Berlin Audit Highlights Enterprise Fund Losses

BERLIN – Most of the town’s enterprise funds still need improvement, according to a presentation of the fiscal year 2021 audit.

Representatives of PKS & Company presented the latest municipal audit at this week’s Berlin Town Council meeting. Michael Kleger of PKS confirmed that the town’s enterprise funds still struggled to break even.

“I think you’re making progress, but I think there’s still a ways to go to kind of get where you need to be,” he said.

Kleger and Leslie Michalik, also of PKS, presented elected officials with an overview of the fiscal year 2021 audit. Kleger said the town’s financial statements presented fairly.

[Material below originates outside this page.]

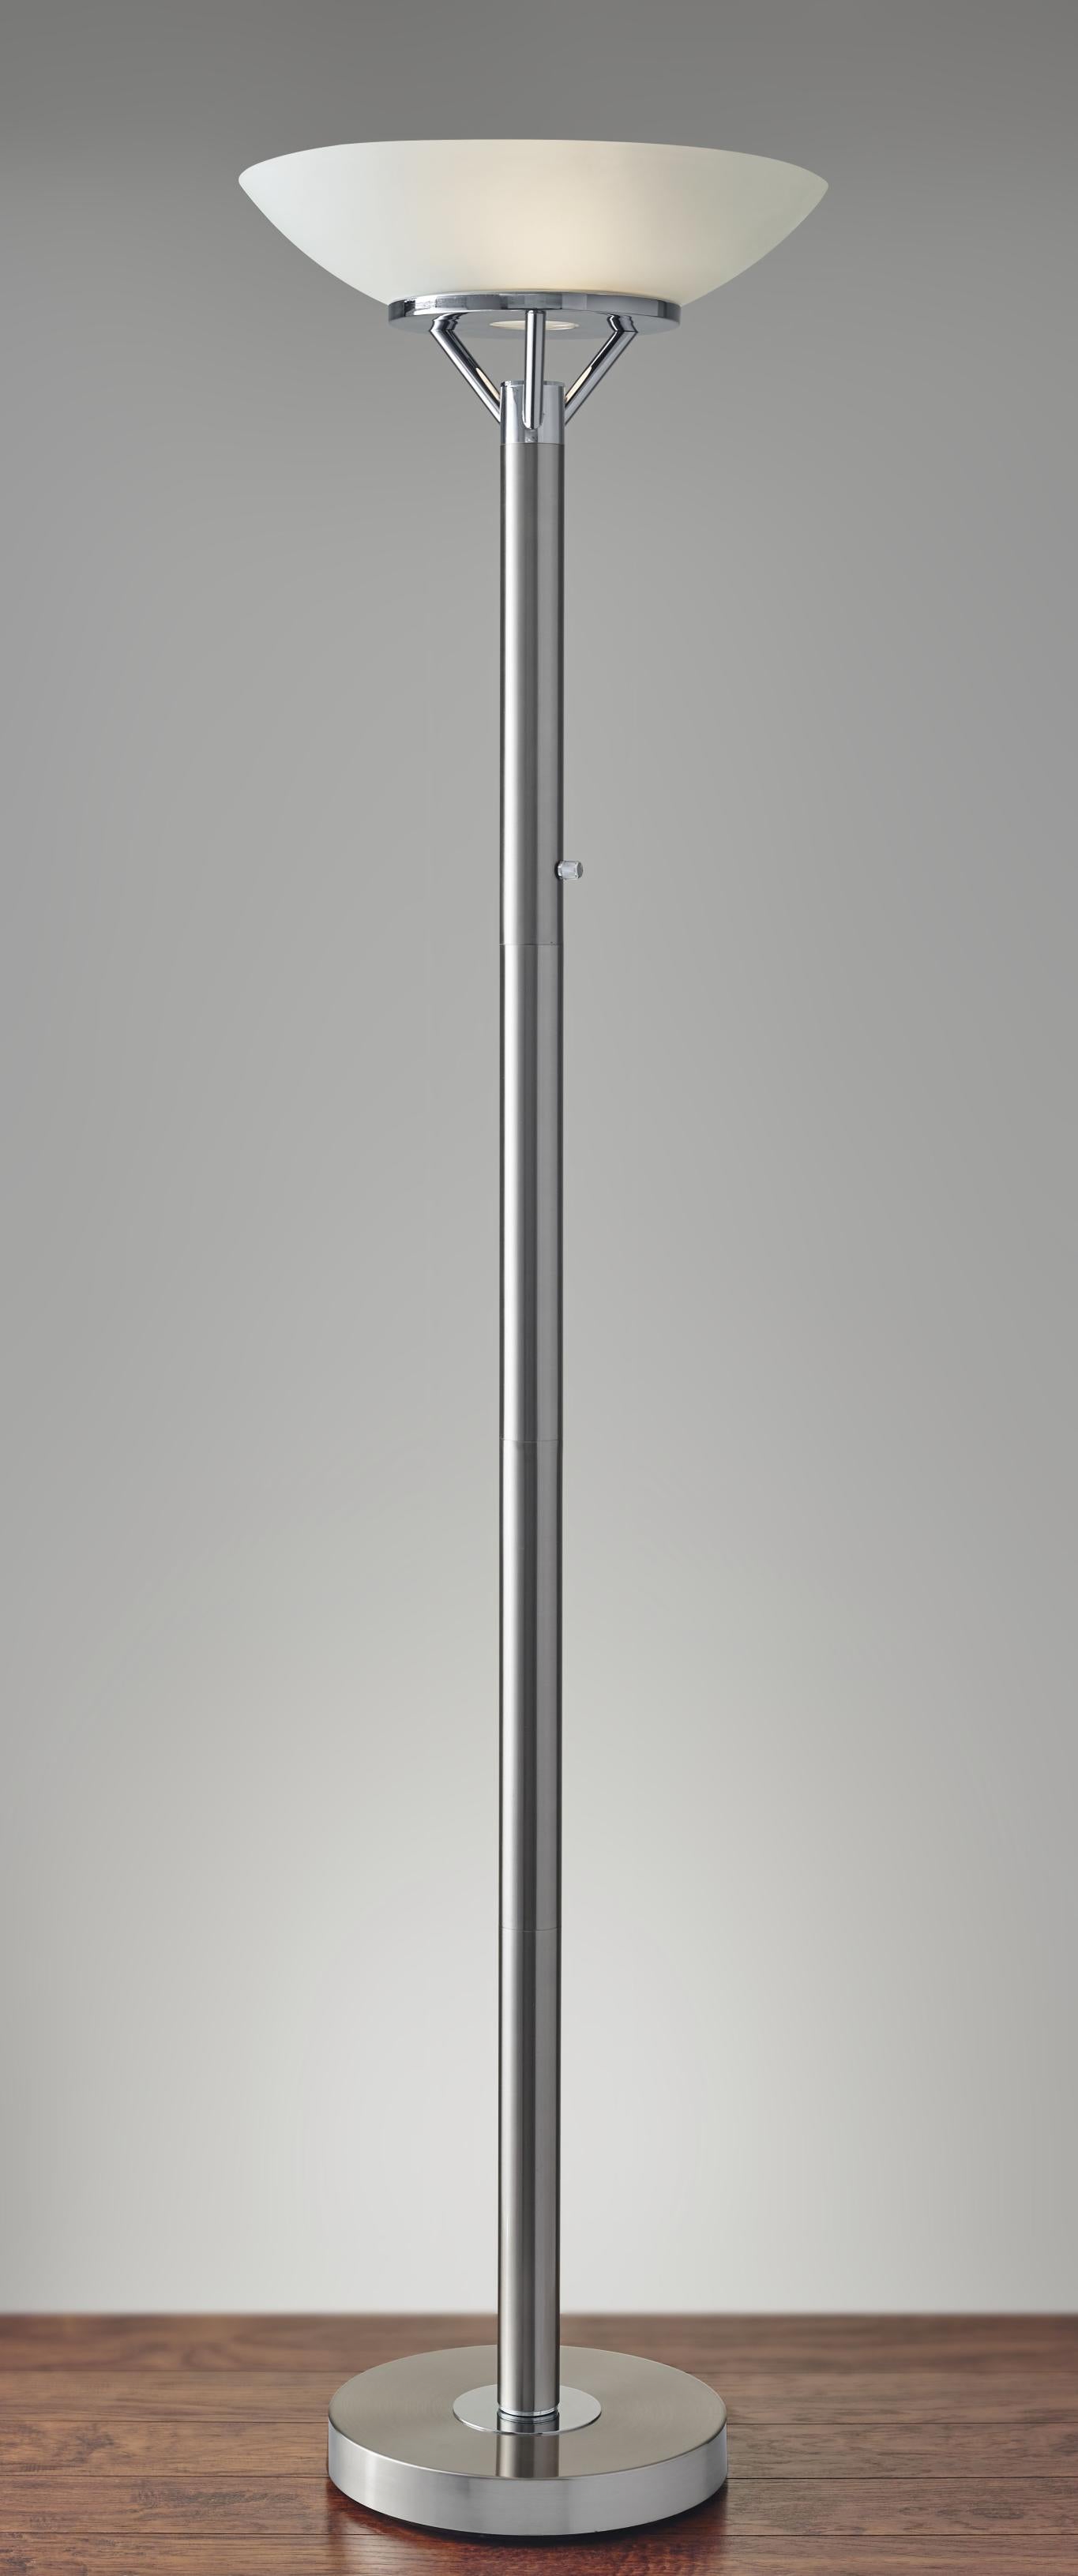 18" X 18" X 71.5" Brushed steel Metal 300W Torchiere

“This is also known and often referred to as a clean opinion and is the highest level of assurance we can give as outside auditors,” he said.

Michalik said the general fund’s revenues exceeded expenditures by roughly $1.8 million. The town ended the year with a fund balance of $6,293,200. Though some of that is nonspendable and restricted, the portion that could potentially be spent—the assigned and unassigned categories—totaled more than $3.8 million. That represents eight months of operating expenditures for the town.

“The fund balance is a key measure of the health of the town,” Michalik said. “It’s important to maintain an adequate level of fund balance.”

She pointed out that since the town’s highest level of fund balance in 2016, the amount had dropped but was now moving in a positive direction.

“You can see you had a little dip there in the middle and now you’re working your way back up,” she said.

The town’s largest source of revenue remains property taxes while it’s biggest expenditure continues to be public safety.

Michalik said the town’s four enterprise funds—water, sewer, stormwater and electric—were meant to cover their costs.

“These funds are intended to be run the same as a business for profit so they’re funded by user charges that are set at an appropriate level to cover their expenses,” she said.

Nevertheless, Kleger said the town’s water, sewer and stormwater funds were still generating losses from operation.

“These funds are typically meant to support themselves,” he said, adding that if they weren’t the town would have to continue to support them with money from the general fund. “That shouldn’t happen in an enterprise fund. An enterprise fund should be able to support itself in operations.”

Mayor Zack Tyndall said the town also had to do more to plan for capital needs. Kleger agreed and said deferring capital improvements could eventually catch up to the town.

“Dealing with those things now makes a lot of sense,” he said.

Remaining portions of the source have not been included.